--- WHAT TO WORK ON ---
Could you transcribe exactly the lines from the one containing "Ayurveda and mindset" through the end of the listing below, both included, but none of the pictures?

--- PROVIDED DATA ---
== Segment start ==

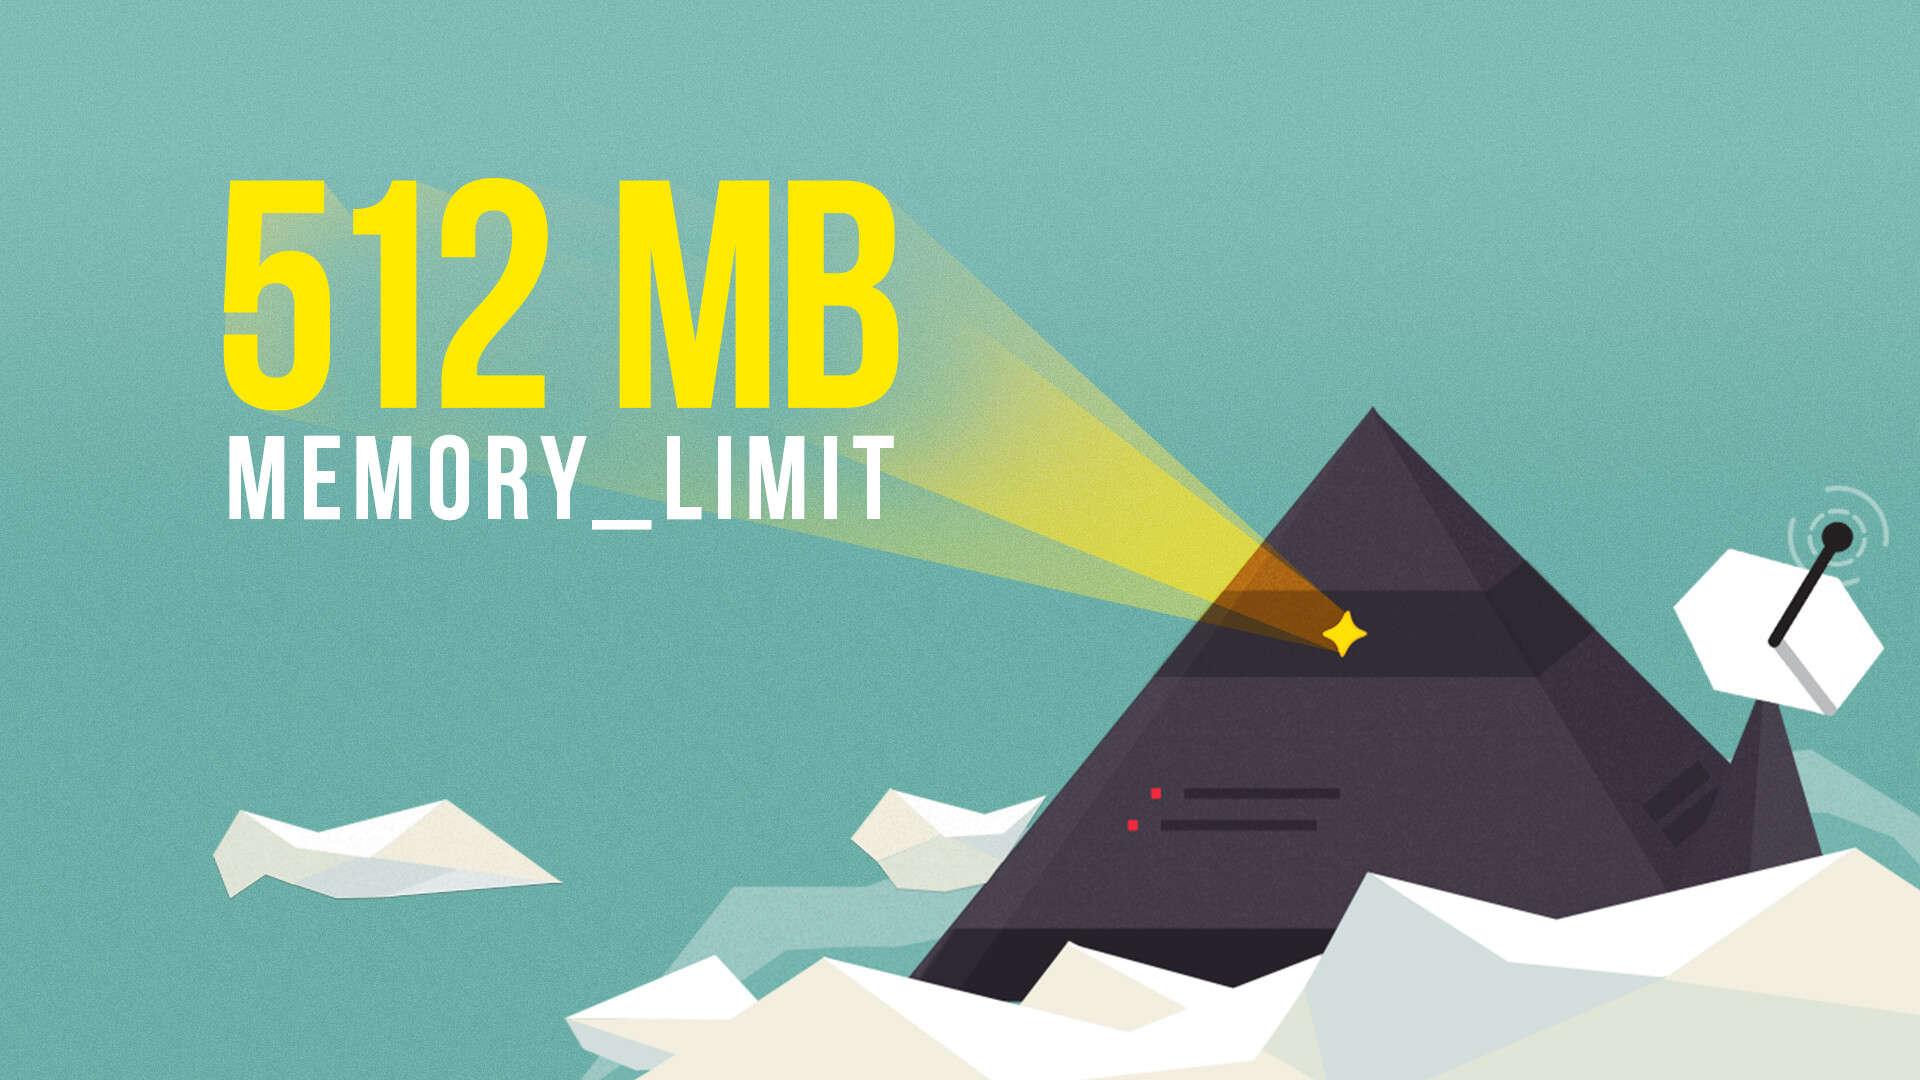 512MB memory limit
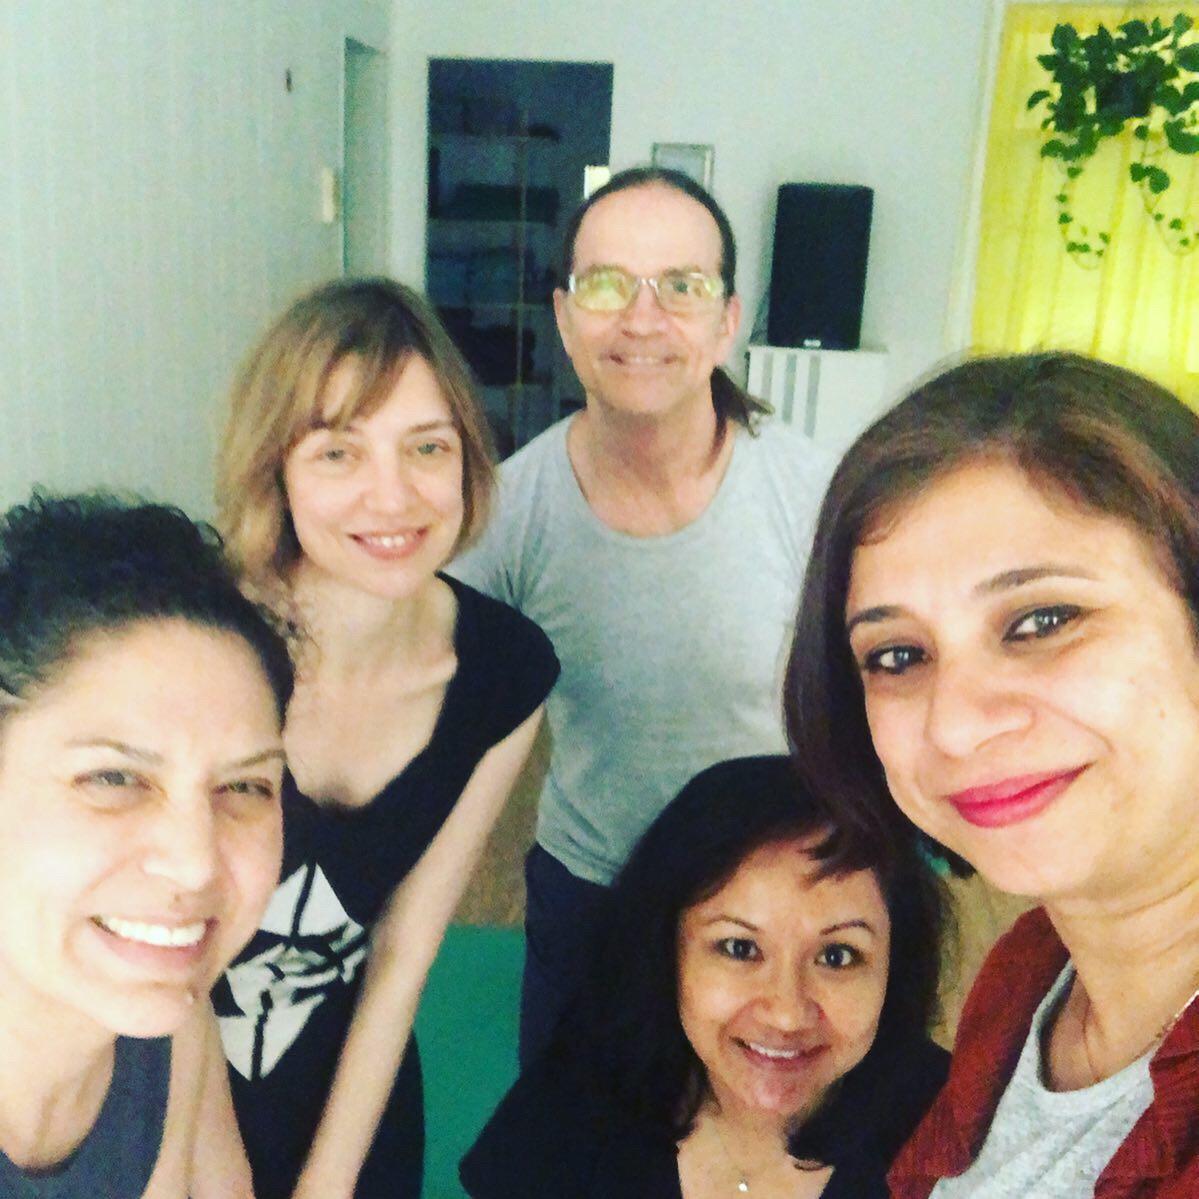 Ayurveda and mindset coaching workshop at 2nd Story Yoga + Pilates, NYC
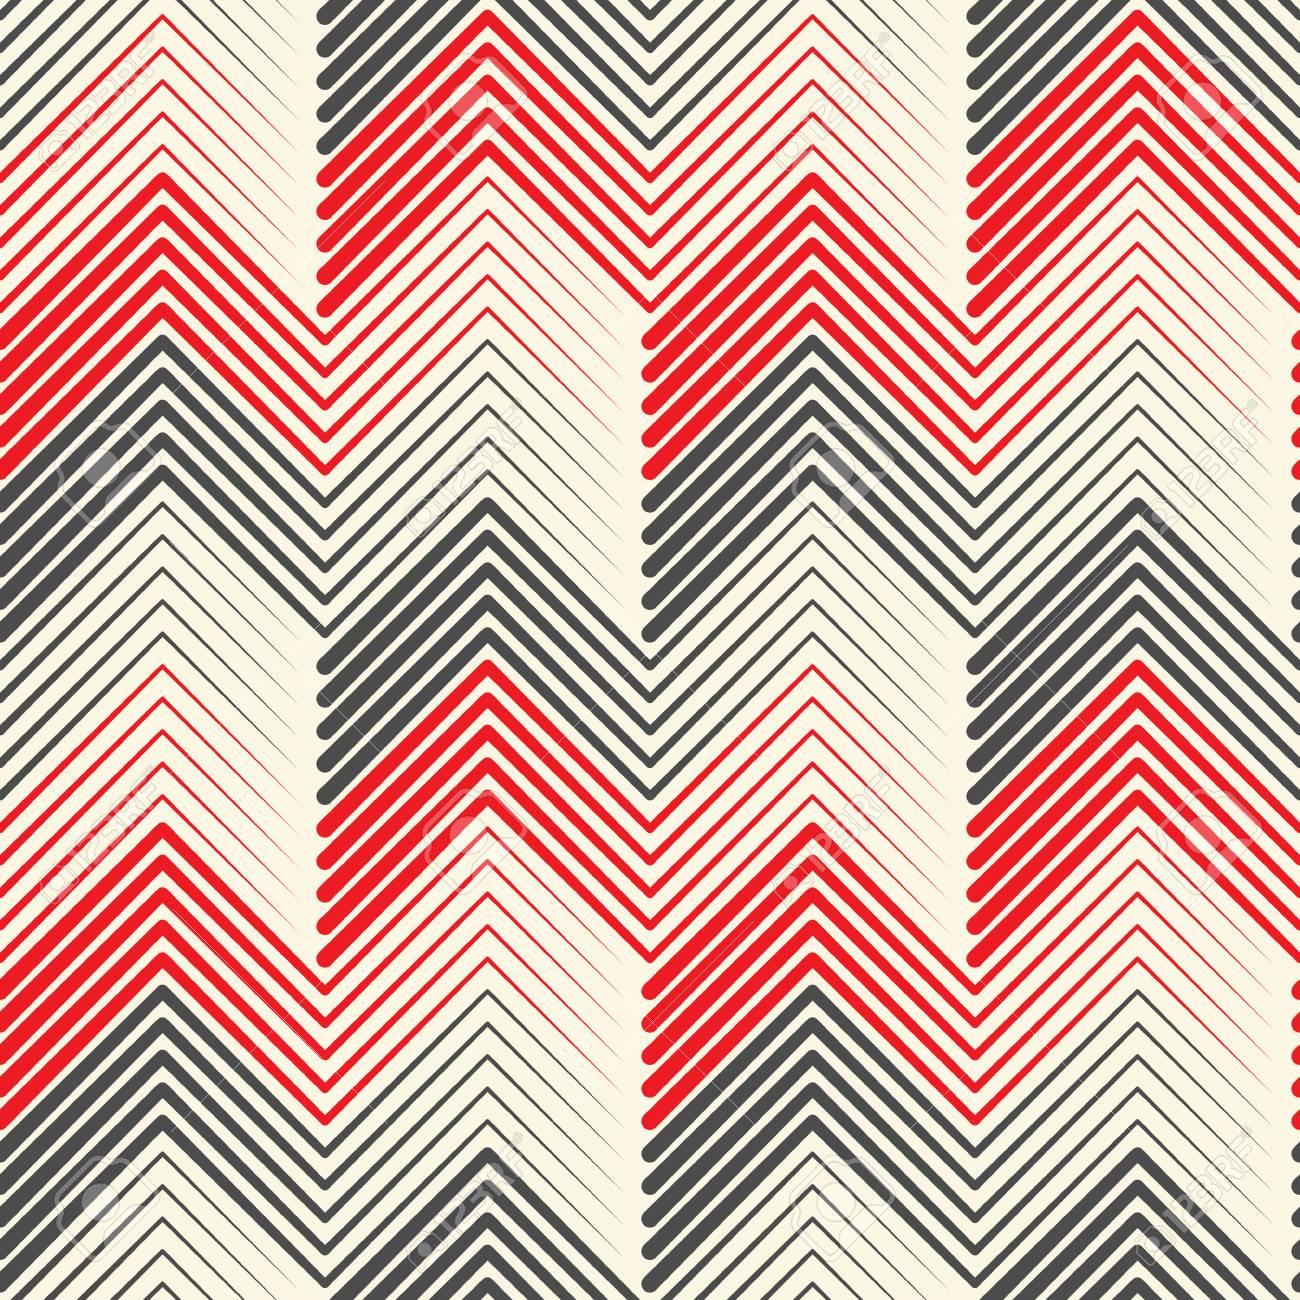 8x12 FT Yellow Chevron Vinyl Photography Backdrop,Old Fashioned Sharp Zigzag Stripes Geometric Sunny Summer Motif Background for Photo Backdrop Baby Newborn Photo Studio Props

== Segment end ==

--- TASK SOLUTION ---
 Ayurveda and mindset coaching workshop at 2nd Story Yoga + Pilates, NYC
 8x12 FT Yellow Chevron Vinyl Photography Backdrop,Old Fashioned Sharp Zigzag Stripes Geometric Sunny Summer Motif Background for Photo Backdrop Baby Newborn Photo Studio Props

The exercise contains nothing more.